### Material for this task:
┌──
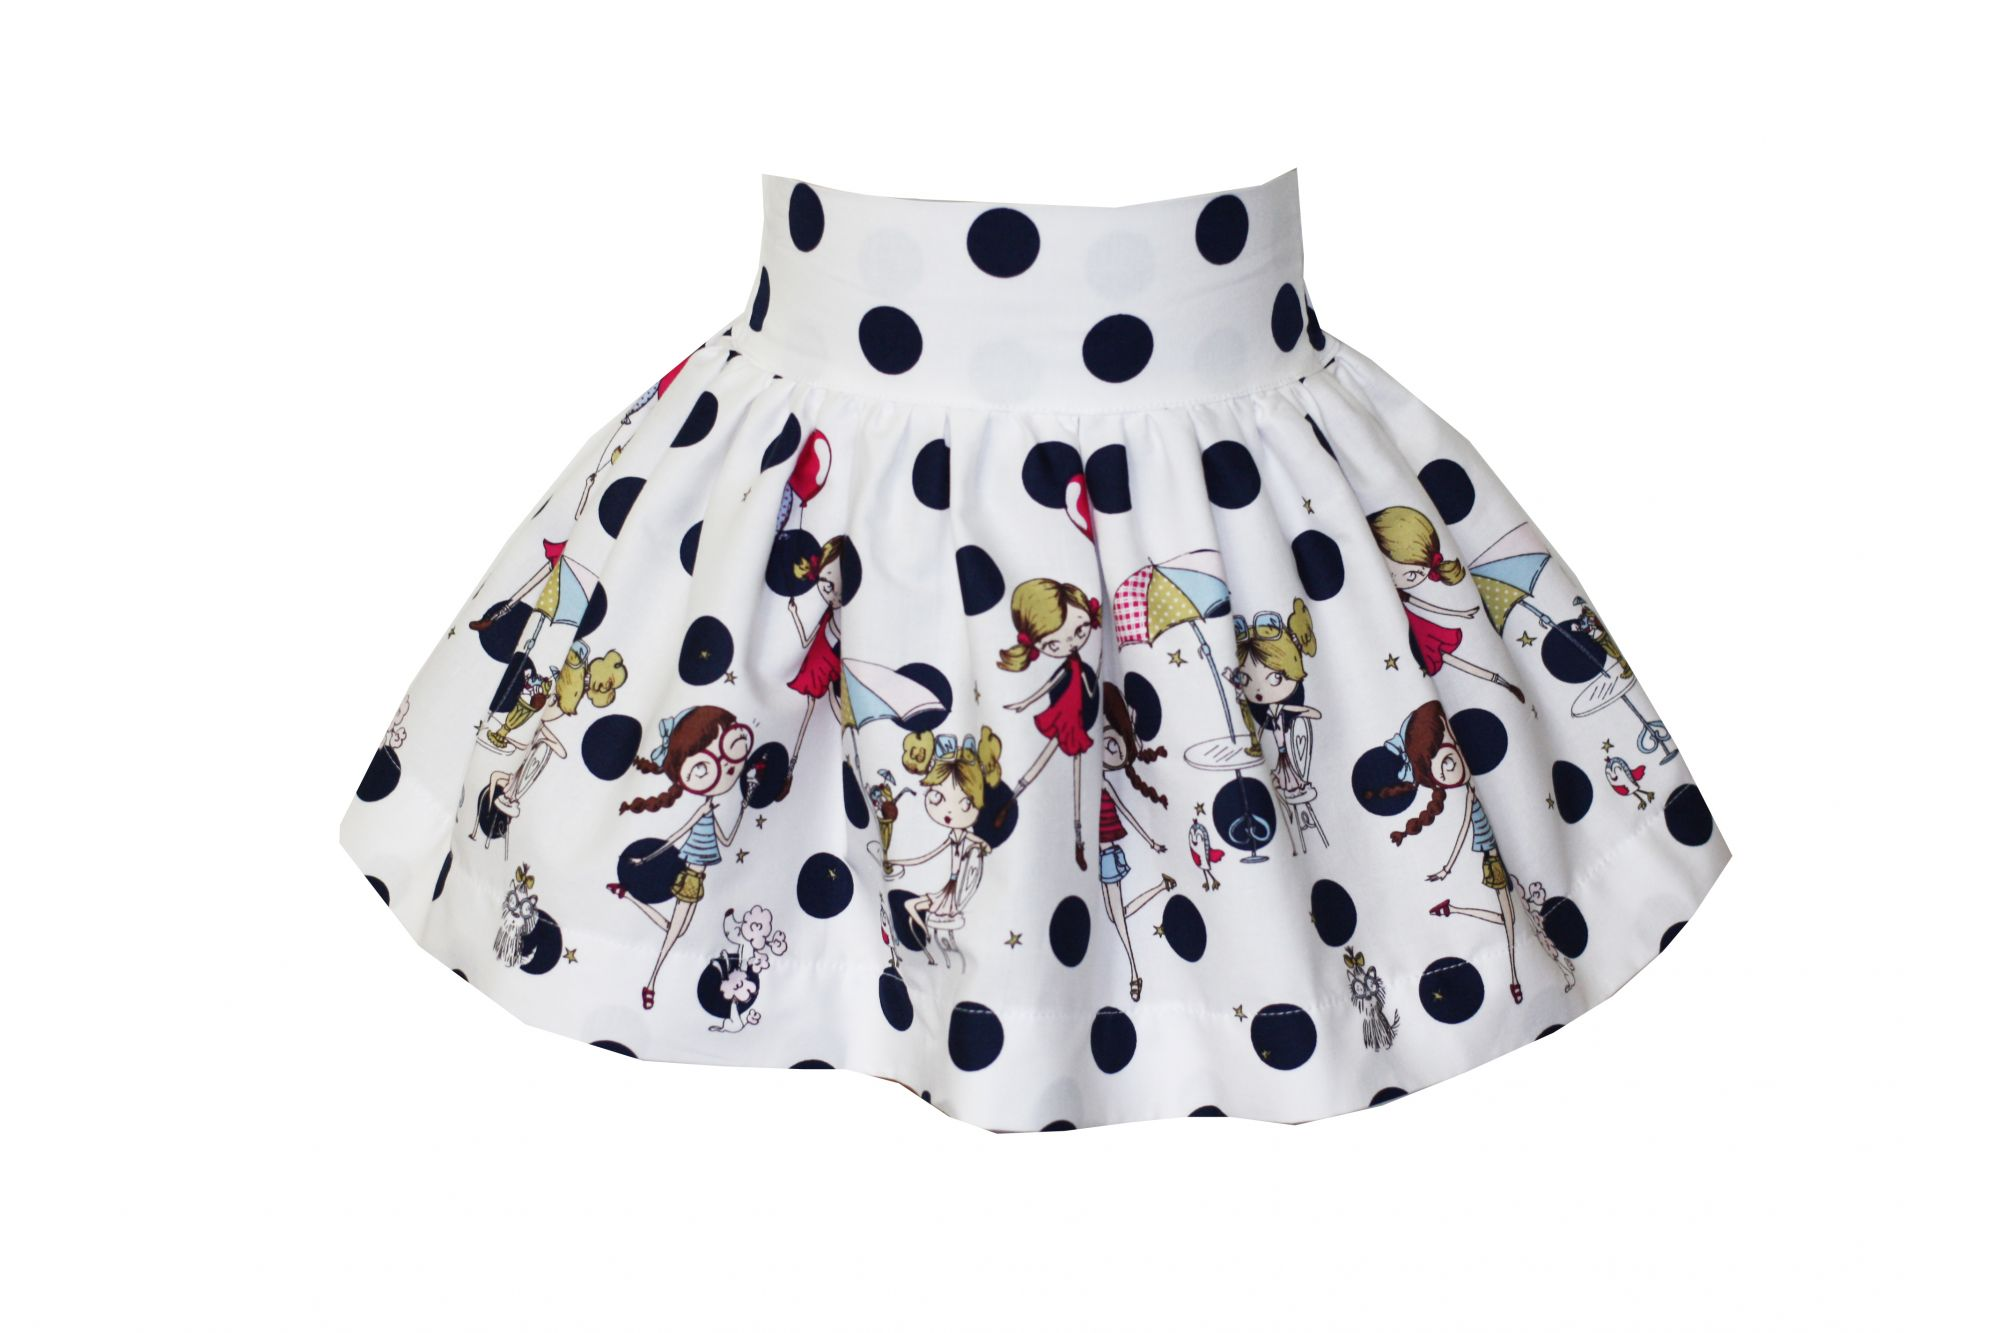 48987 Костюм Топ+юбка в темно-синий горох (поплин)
└──
┌──
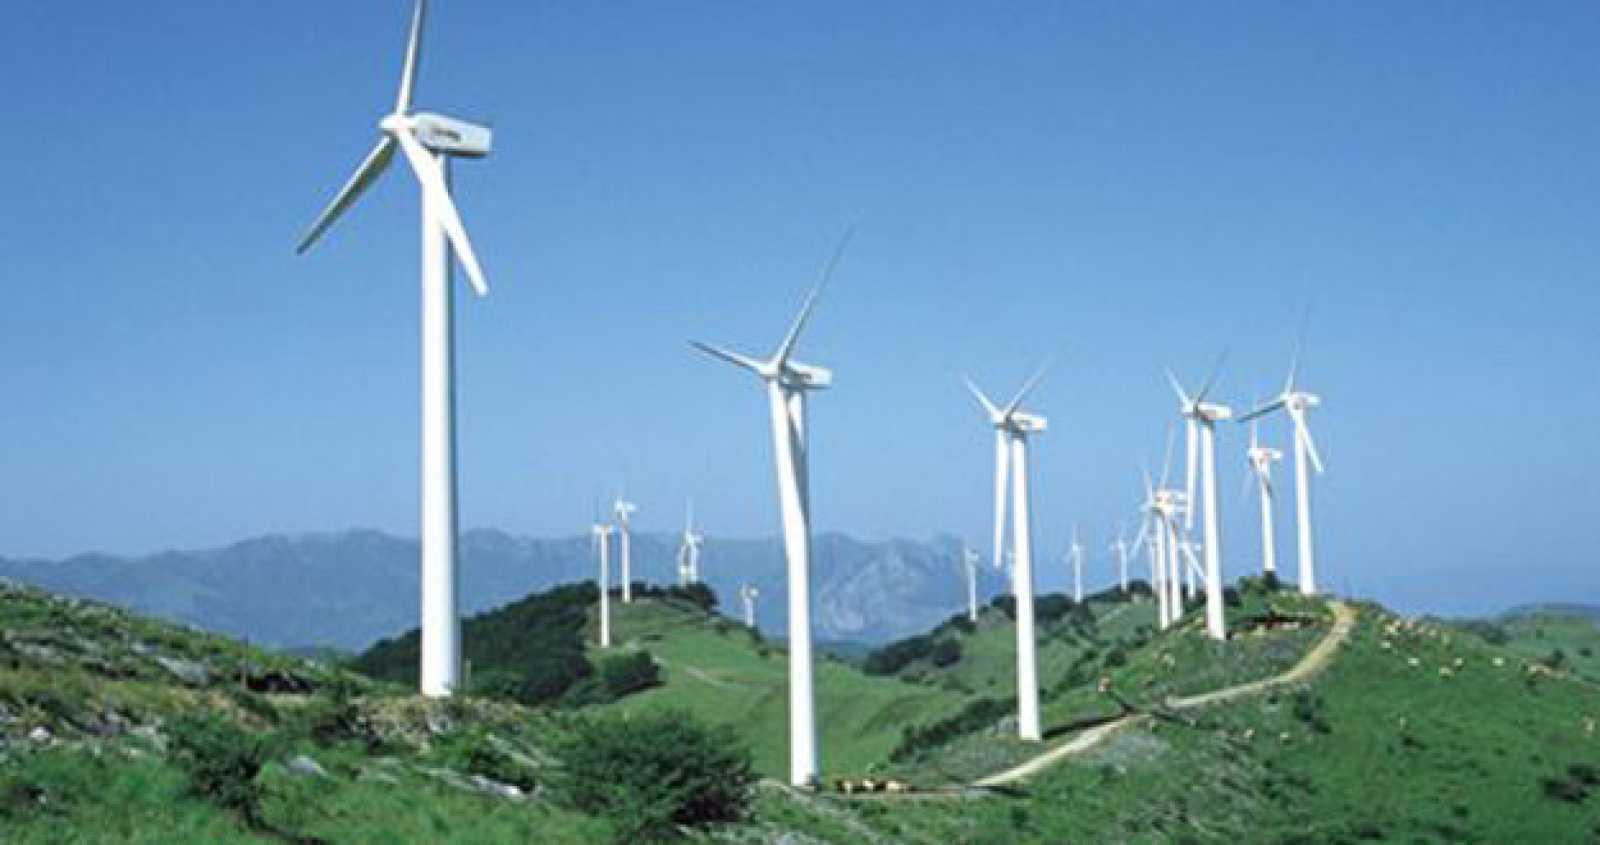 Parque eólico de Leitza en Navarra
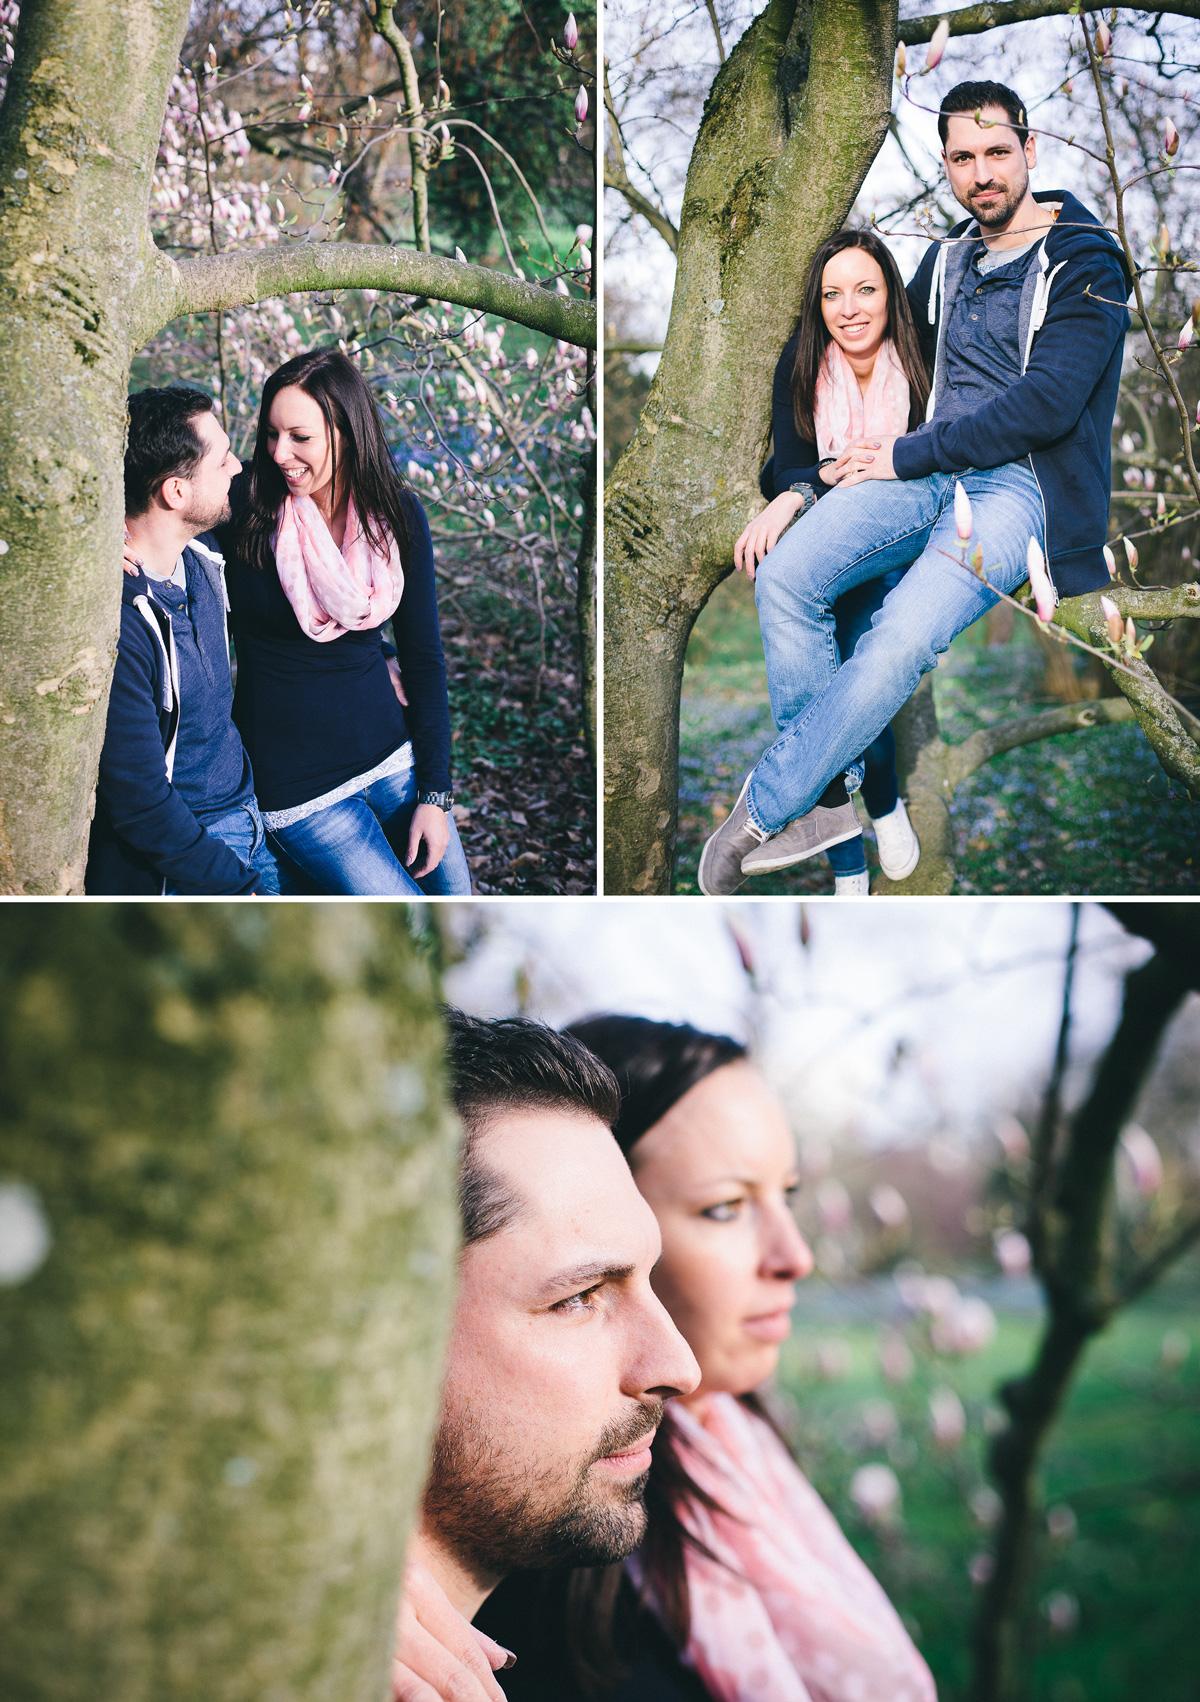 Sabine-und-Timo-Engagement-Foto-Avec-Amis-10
└──
### Brief:
Transcribe, exactly and without pictures, everything in the data from the line with "Parque eólico de Leitza en Navarra" down to the line with "Sabine-und-Timo-Engagement-Foto-Avec-Amis-10", both included.

### Finished exercise:
 Parque eólico de Leitza en Navarra
 Sabine-und-Timo-Engagement-Foto-Avec-Amis-10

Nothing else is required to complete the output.